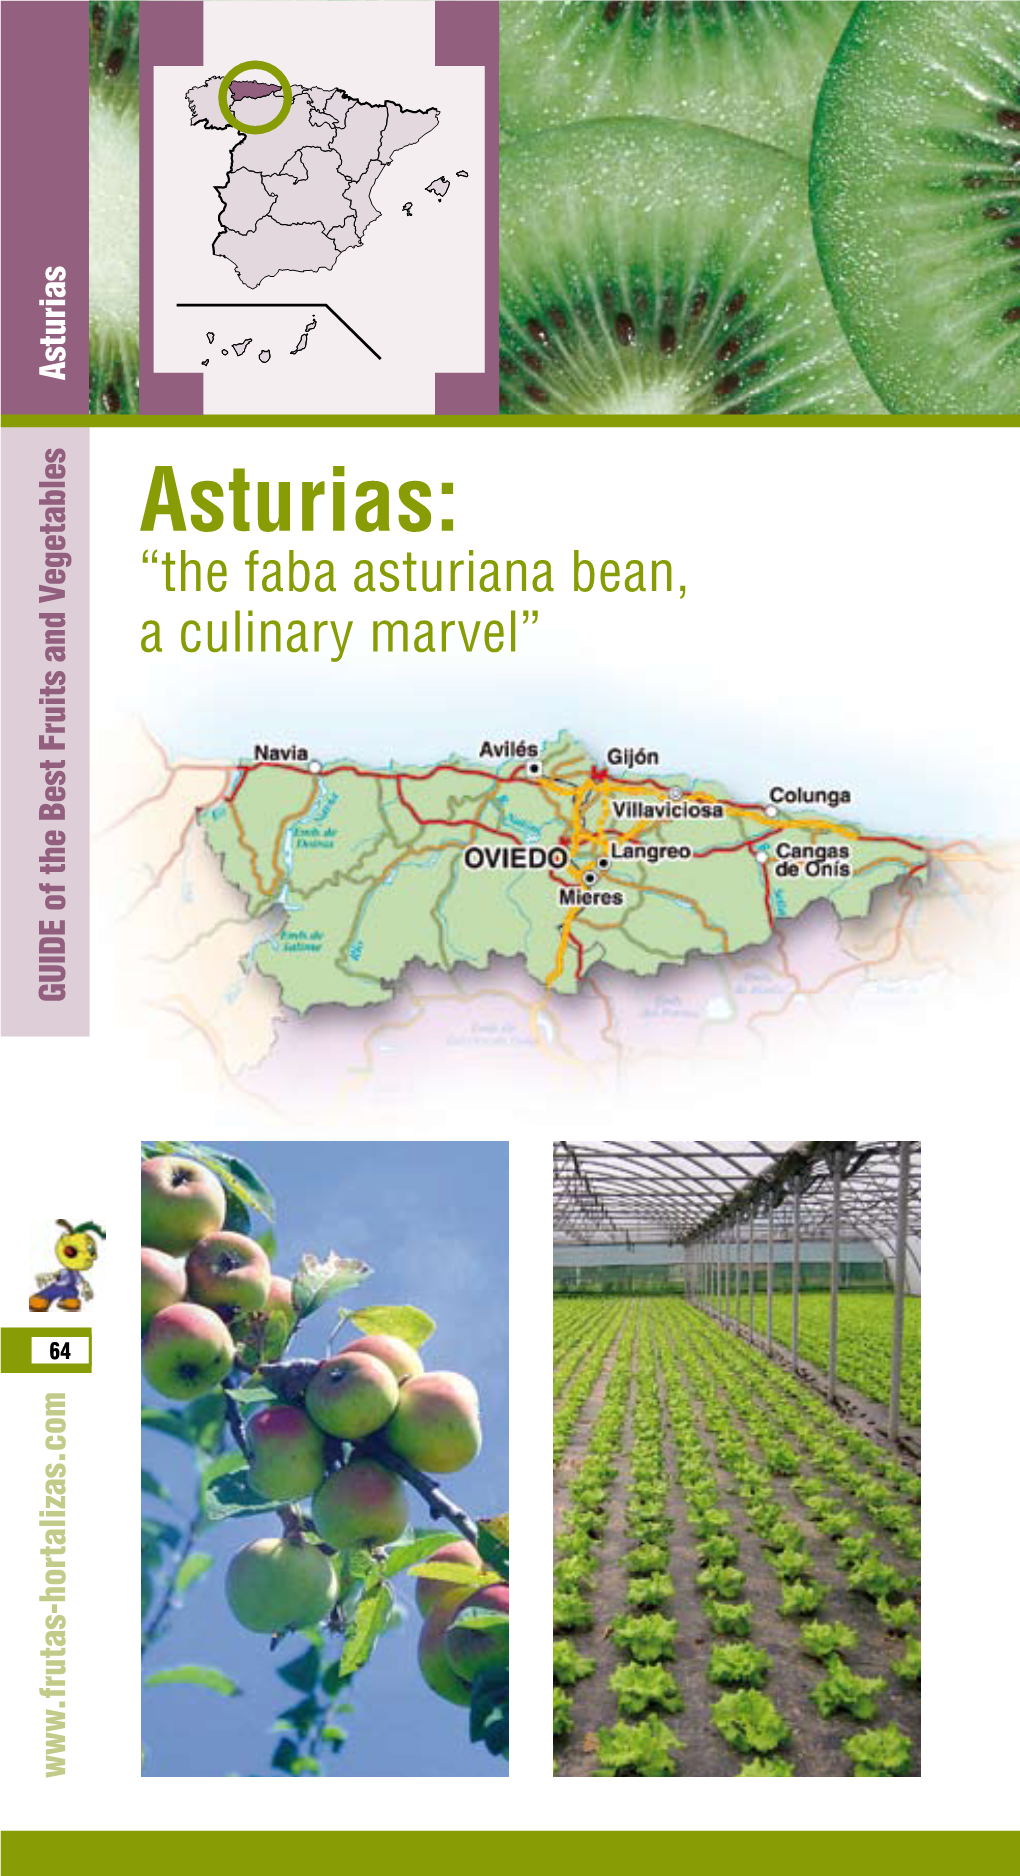 Asturias: “The Faba Asturiana Bean, a Culinary Marvel” GUIDE of the Best Fruits and Vegetables
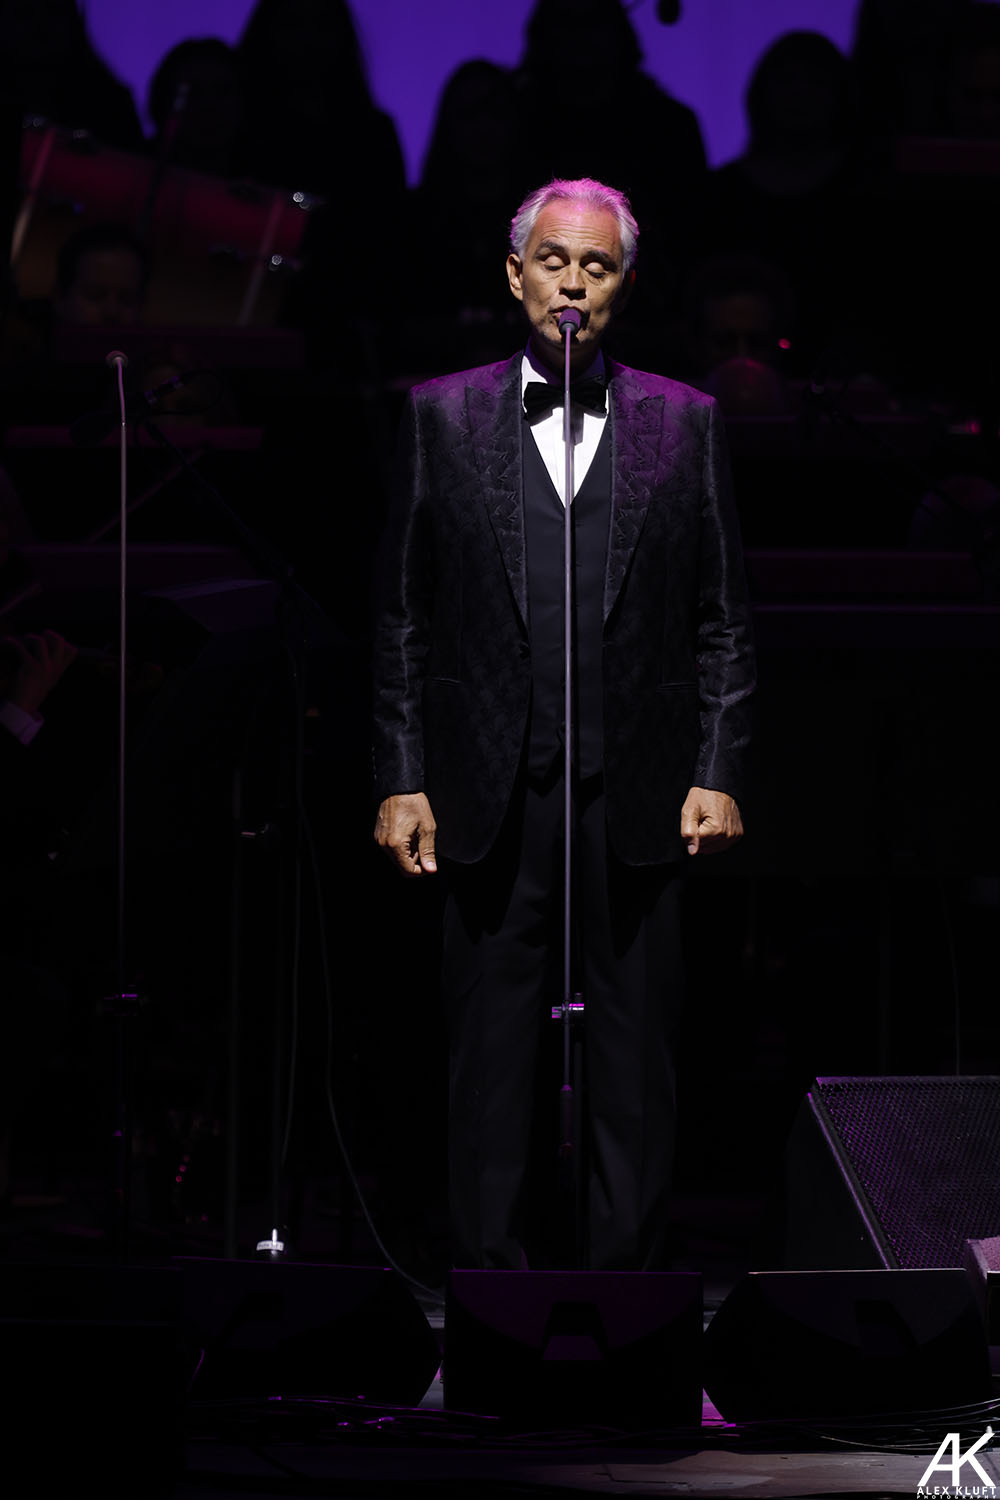 Andrea Bocelli says he is 'privileged' to work as they sing
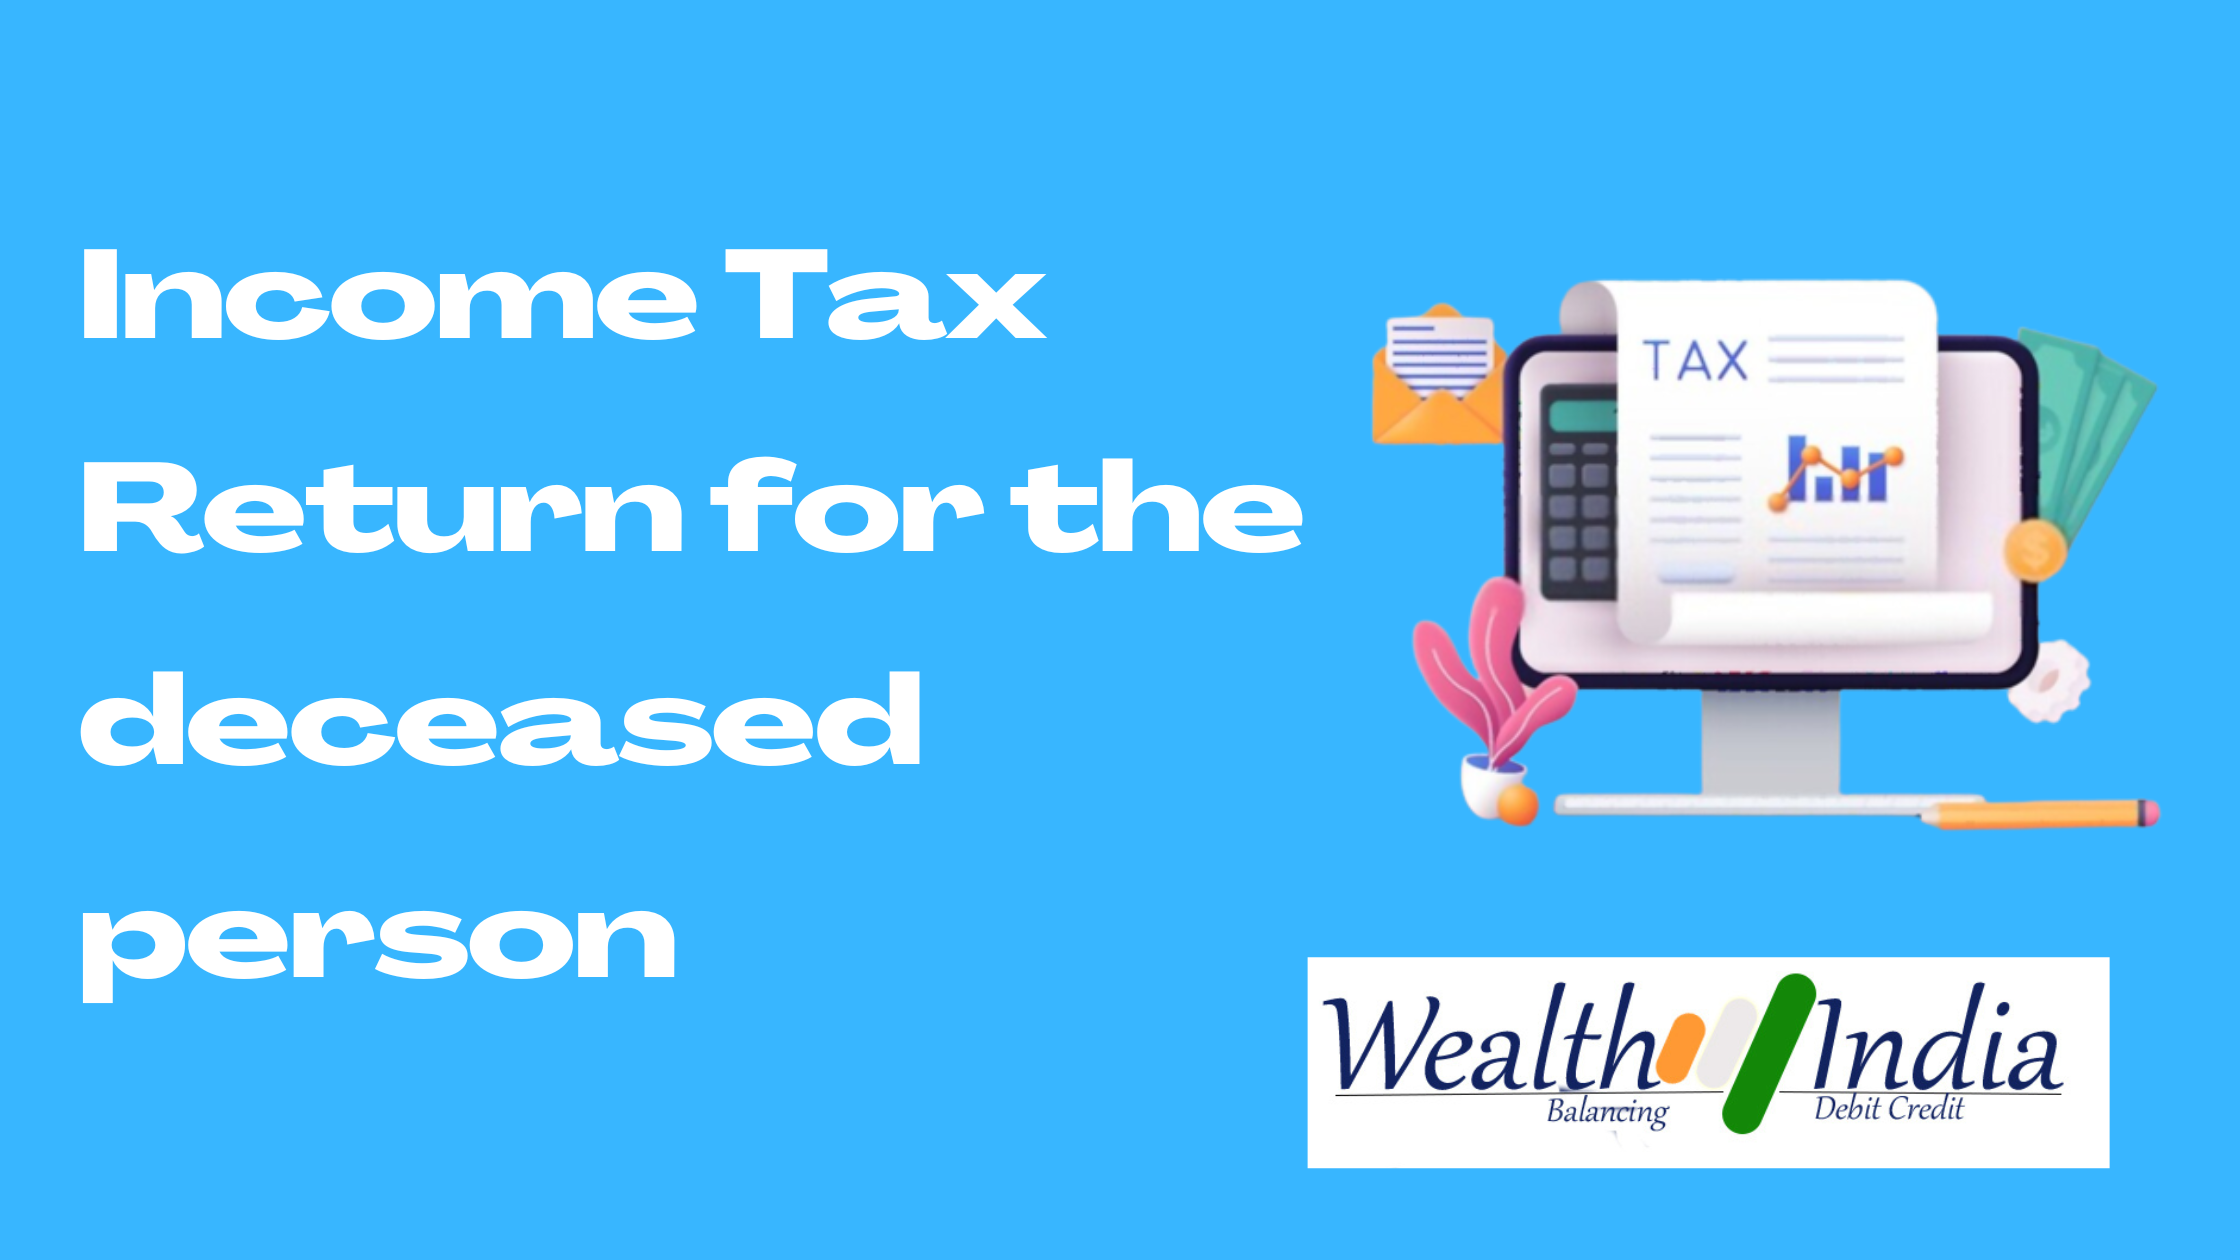 how-to-file-income-tax-return-for-the-deceased-person-by-legal-heir

Exercise directions: Copy the whole listing above word for word but do not carry over the pictures.

Problem solution:
 Asturias: “The Faba Asturiana Bean, a Culinary Marvel” GUIDE of the Best Fruits and Vegetables
 Andrea Bocelli says he is 'privileged' to work as they sing
 how-to-file-income-tax-return-for-the-deceased-person-by-legal-heir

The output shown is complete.